Но почему-то я в этом сомневалась. Это место выглядело так, как я воображала покинутый зал суда: холодное, пустое, источающее запах приговора и последнего узника, которого уволокли исполнять наказание.

Если не считать Джослина, разумеется. Такое ощущение, будто он приговорен к жизни.

Я задумалась, какое ужасное существование, должно быть, он влачит, когда мой разум начал посылать мне срочные сообщения: что-то о двойных дверях. О чем речь?

Замки! Если Бенсон, или кто там тюремщик Джослина, действительно забыл запереть наружную дверь и по какой-то причине вернется, я тоже окажусь под замком.

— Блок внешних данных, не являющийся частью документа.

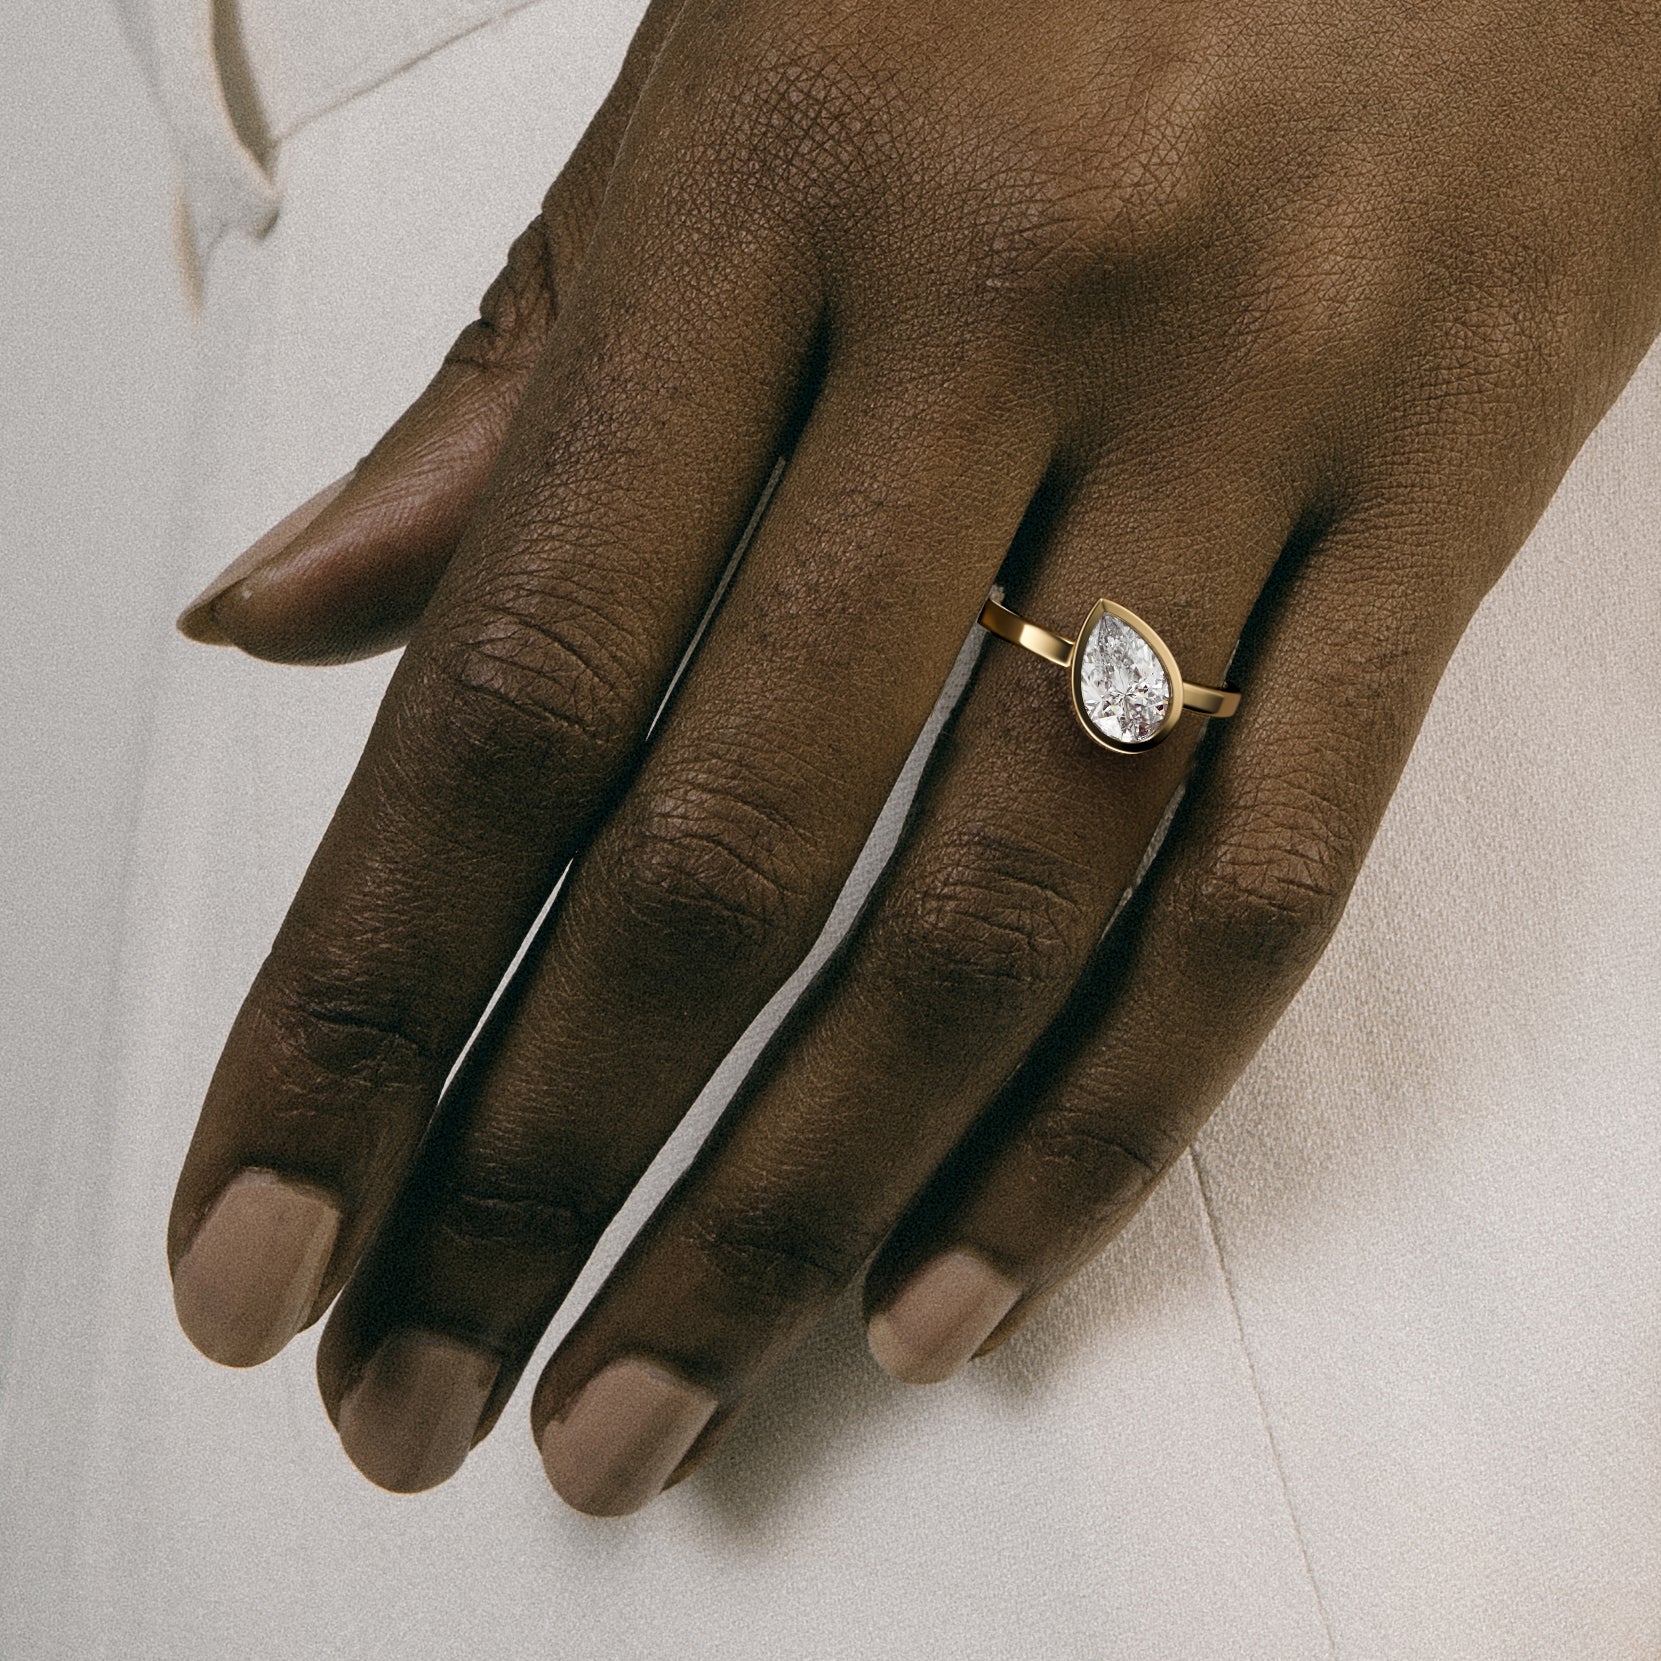 Mana Flat Band with Tilted Pear Unique Wedding Ring Setting in 14k Gold or platinum handmade by SHW Fine Jewelry New York City
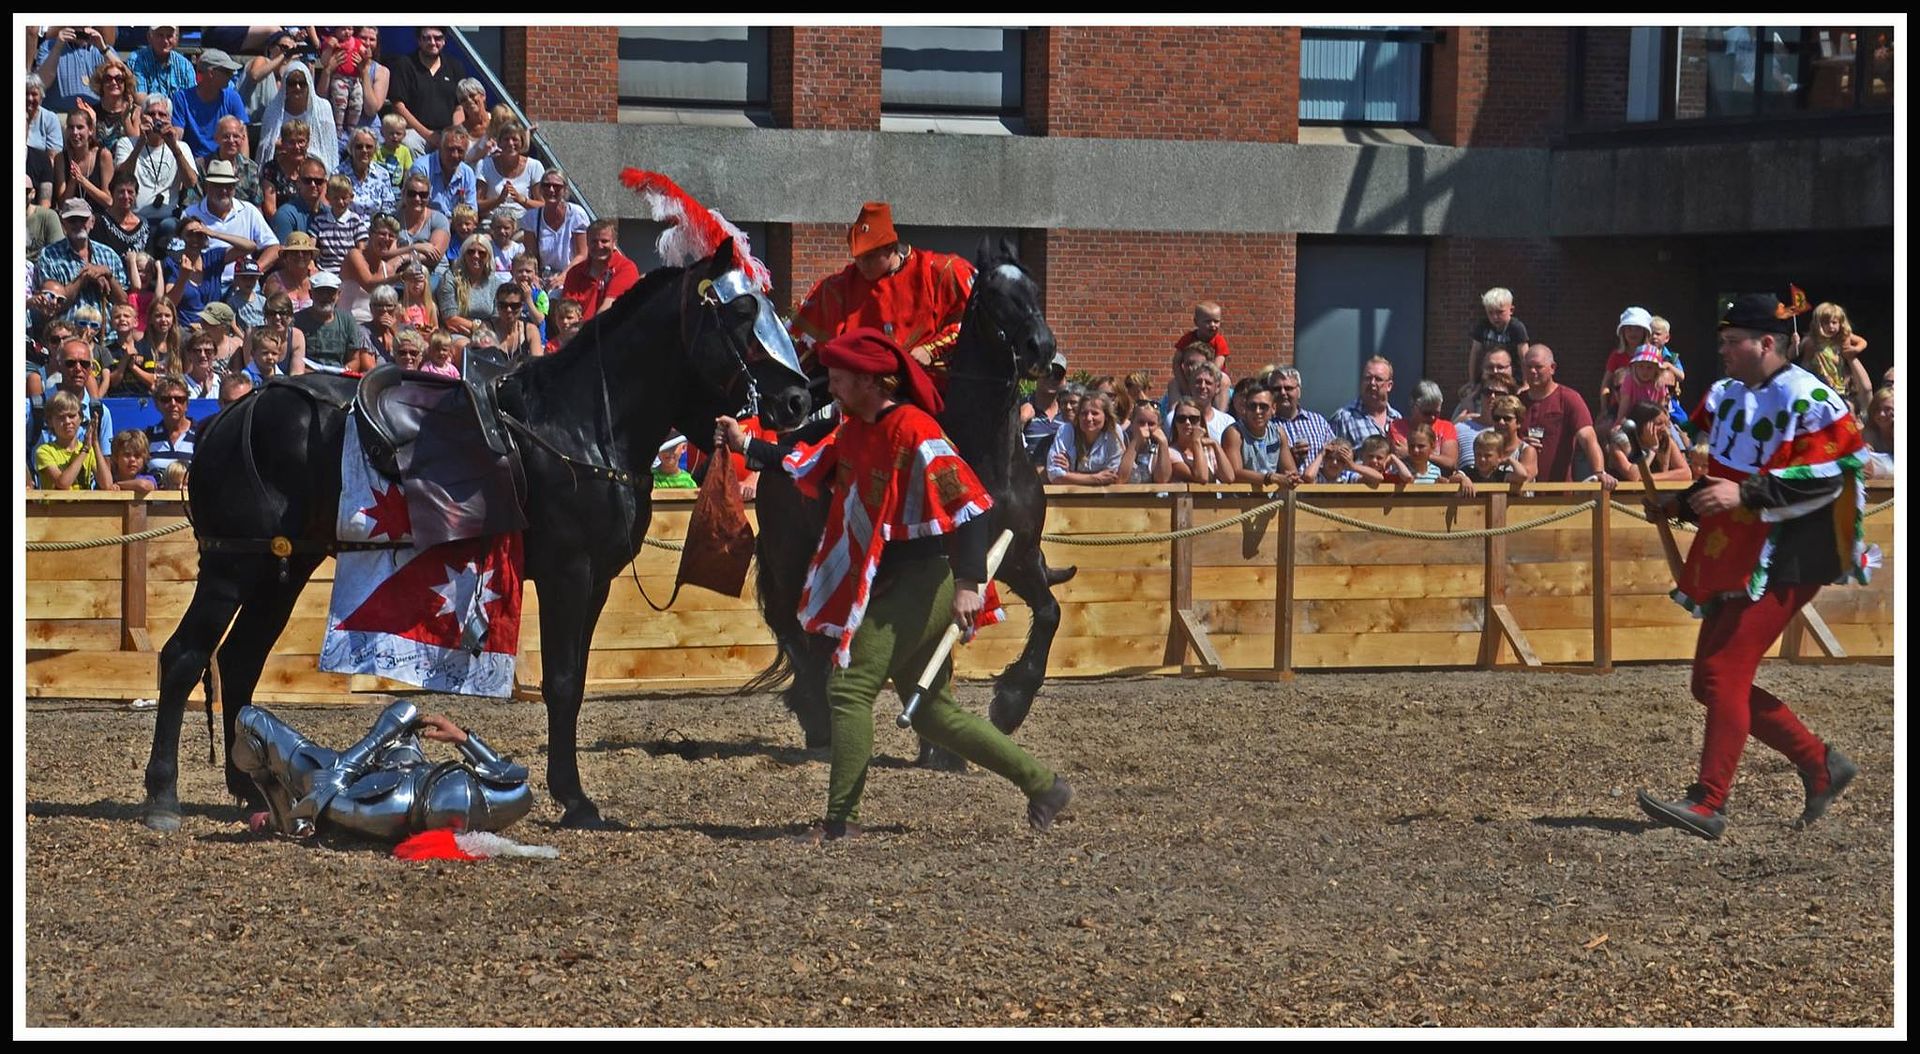 Andreas Wenzel comes off his horse during a mounted melee at the Nyborg Joust 2014 (photo by Hanno van Harten)

Мне надо убраться отсюда как можно скорее! Все идеи насчет того, чтобы расспросить Джослина о его отце или Харриет, или о святом, которого не должно тревожить, придется отложить на другой день.

Пока он остается в своем музыкально-инструментальном пузыре, я тихо уйду незамеченной.

Я прикинула маршрут и начала медленно двигаться к двери. Я была уже на полпути к выходу, когда музыка закончилась.

Джослин слегка наклонил голову вправо, потом влево. Встал из кресла и повернулся кругом в тот момент, когда я коснулась дверной ручки.

Его глаза встретились с моими, лицо ничего не выражало. Невозможно было понять, о чем он думает.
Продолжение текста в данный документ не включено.